The same calculation for the 570 gives 450 per hour.

The 568 has a lower power requirement due to lower output.

The 570 according to NH needs 62 pto hp.

The 568 cross transfer system is similar to the old Australian built 317 with a bar carrying 2 sets of forks travelling an oval shaped trajectory to move the hay into the chamber .

Packing to one side of the bale or the other is adjusted by moving the walrus looking alloy forks back or forward on the carrier bar.

Moving the forks to the left puts more hay to the left side of the bale. (stand at the rear looking forward to determine left or right).
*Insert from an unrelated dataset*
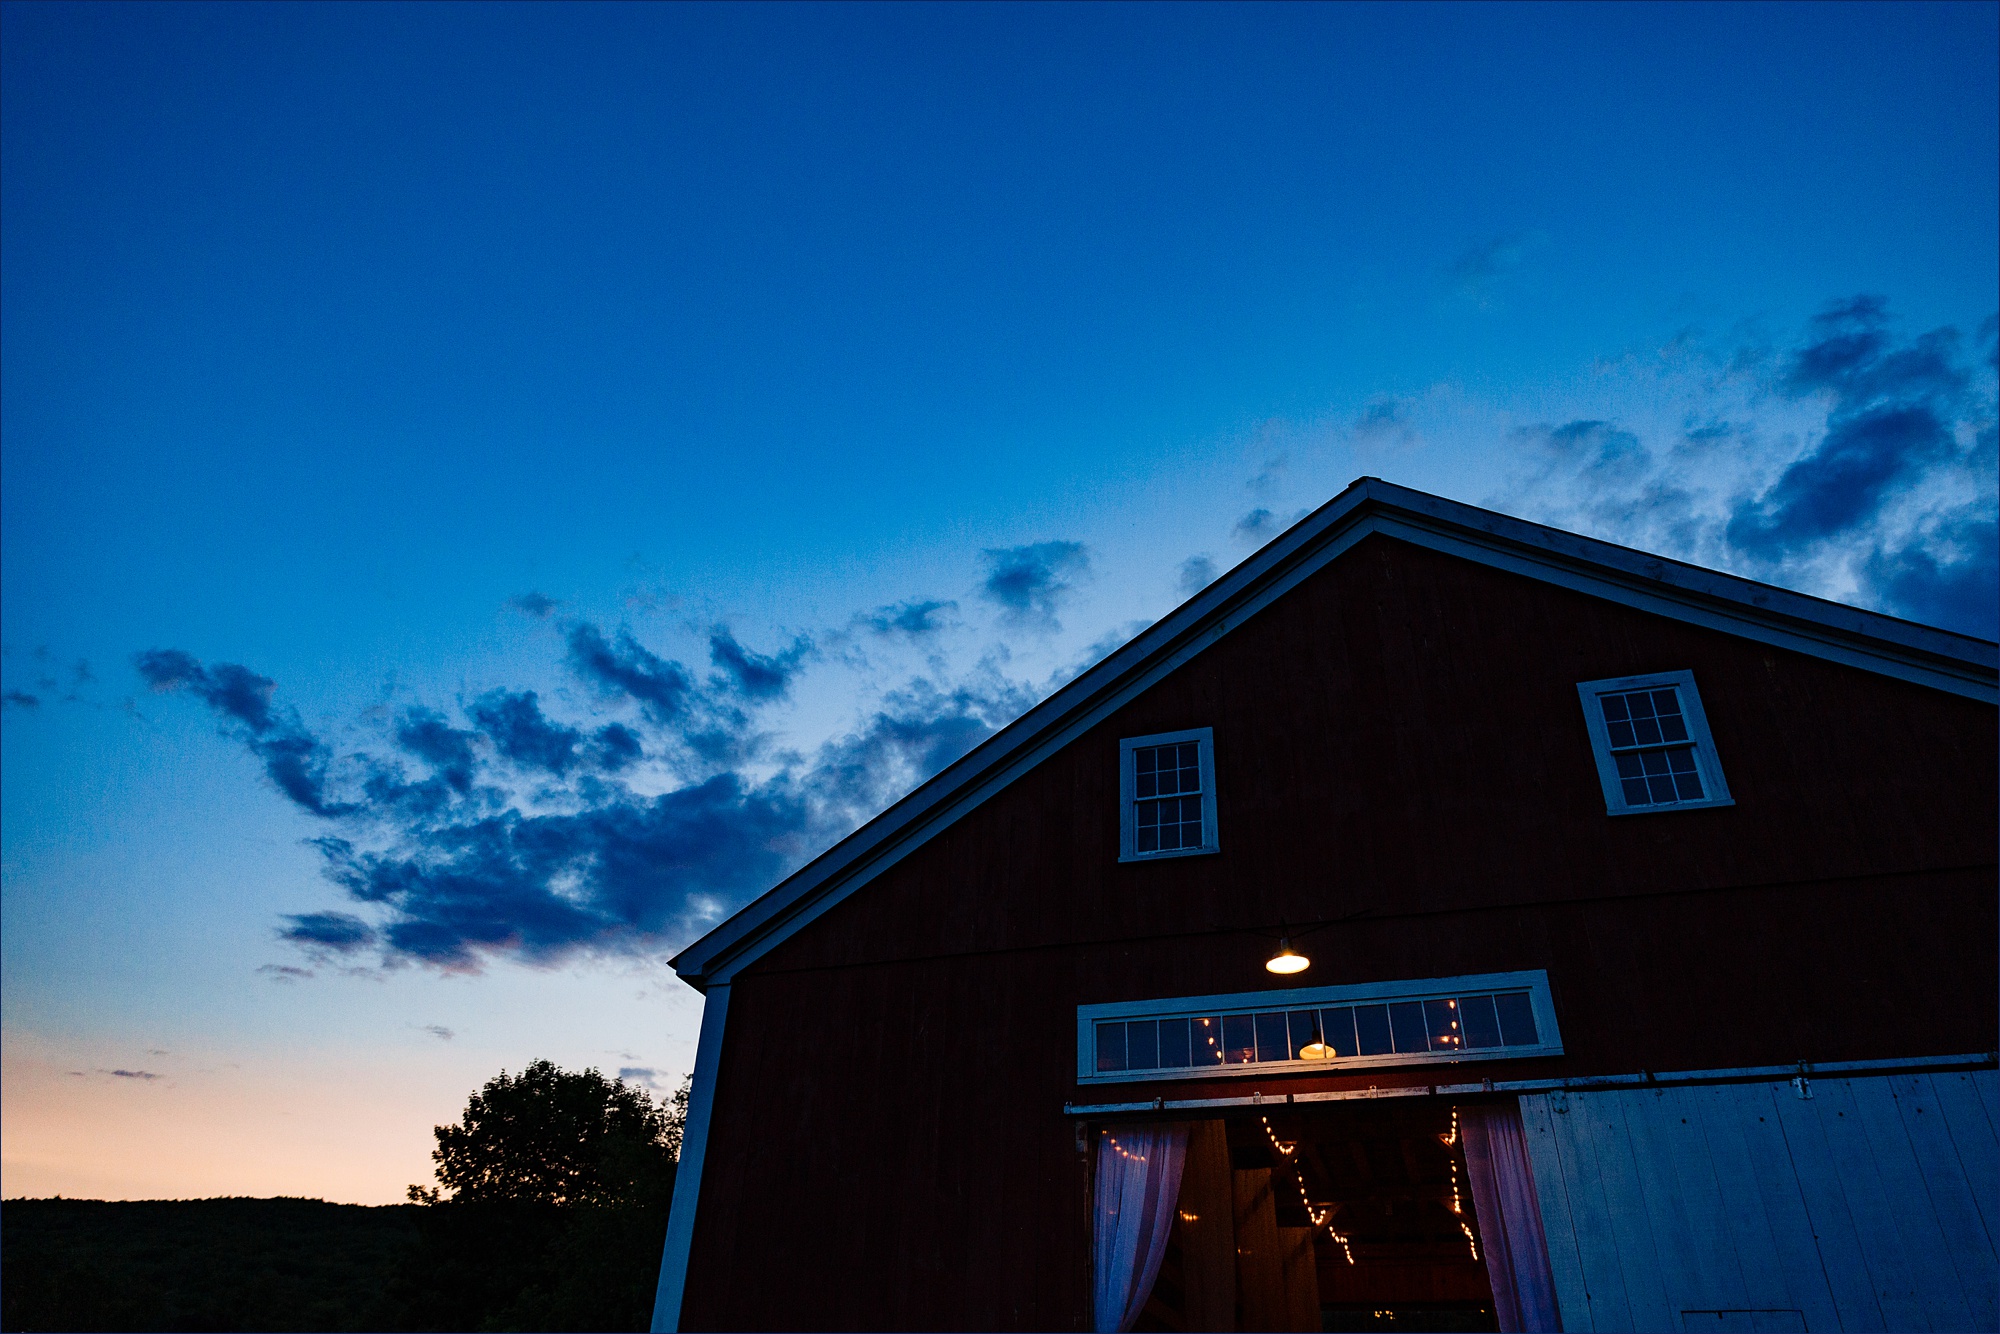 The barn at Kitz Farm in Strafford New Hampshire against a blue sky
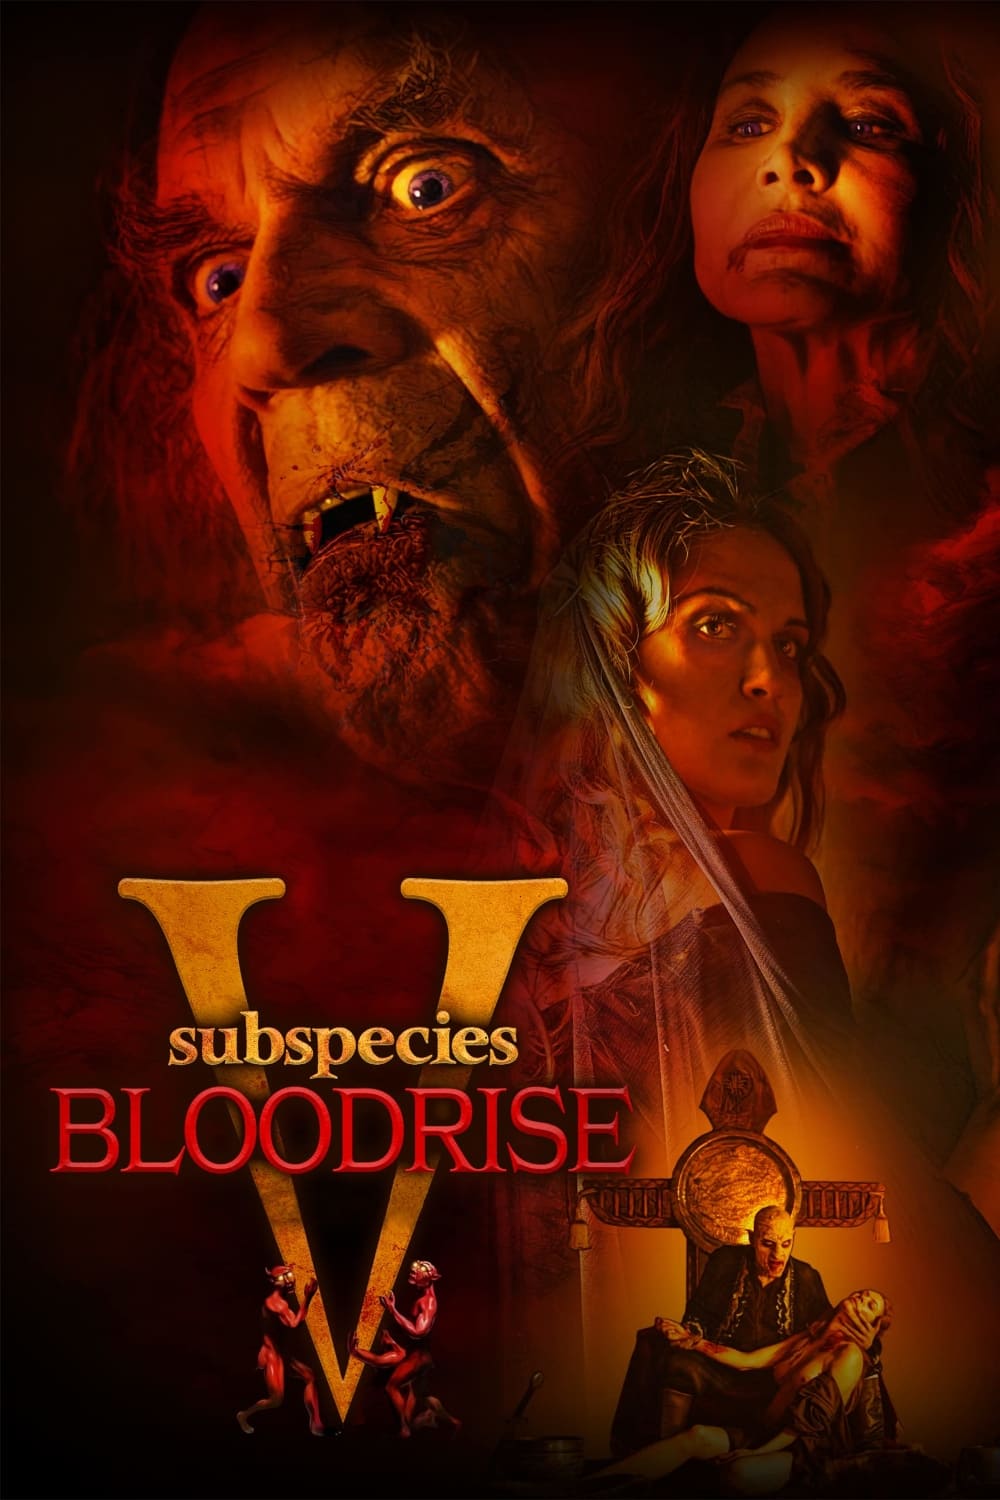 Blood Rise: Subspecies V (2021)

Very fine adjustment is available as the forks can be loosened to slide on the bar, furtermore the penetration of the alloy forks is also adjustable also affecting bale shape.

The 570 has two paired rotors, in Australia generally of a tear drop shape, whereas elsewhere the rotors are more a straight arm. The hay is then packed into the chamber by a pair of rotating packer forks.

Adjusting the placement of hay into the chamber on the 570 is achieved by altering the anchor points of the spring loaded link connecting the upper part of the forks to the frame of the baler. 9 combinations are available.

In regard to knotters, all NH balers are similar but not identical. The system and adjustments are very very similar. There can be subtle differences eg the location of the knotter brake or the detail of how the knotter is assembled on the knotter shaft.

The sequence of operation is identical, the functions of each component are identical.

Both are good balers and it becomes a question of what machines are available to you, both are superseded model numbers for NH but there are I believe very little differences for the updated model numbers. Case have a range of identical balers after having to abandon their in-line examples when the CNH merger took place.

The smaller capacity 568 machine should be cheaper than the equivalent age/condition 570.

I did a post on the operation of the knotter under the thread "276 NH Knotter" under "Machinery"

Hope this helps


----------



## JoshAustralia (Sep 29, 2013)

Hi Coondle,

Thanks very much for the reply. I was starting to wonder if this site was a waste of time!. As I understand it in Australia the models went from 317 to 417 to Super 417 to 568 to 570 to 575. The 575 had a wider pickup and 3 feeder rotors not 2 feeder rotors mechanism as for the 570. I was told that the 568 was 93 spm ( same as the super 417) but you may be right at 73 spm. I hope it is 93spm.The cross transfer system you describe sounds spot on. I was told that too. I tried New Holland Australia and New Holland International but they have not got back to me with information prob because they are lazy ( haha) or they are superseded models. The 568 is a pretty big baler 2770 overall width so Id imagine it would be higher capacity at 93spm. I was told that when the 568 were made small square balers had gone slightly out of fashion and there were not many around hence the limited information. I got the 568 pretty cheap. There was a 570 for $17000 but that was a bit expensive for my budget. There are other 568 balers currently farm machinery sales used for 22000 so fairly expensive. These prices will be extraordinary for USA followers, their balers are comparatively cheap.


----------



## Coondle (Aug 28, 2013)

The 568 is a USA machine. Production started in August 1991until I do not know when.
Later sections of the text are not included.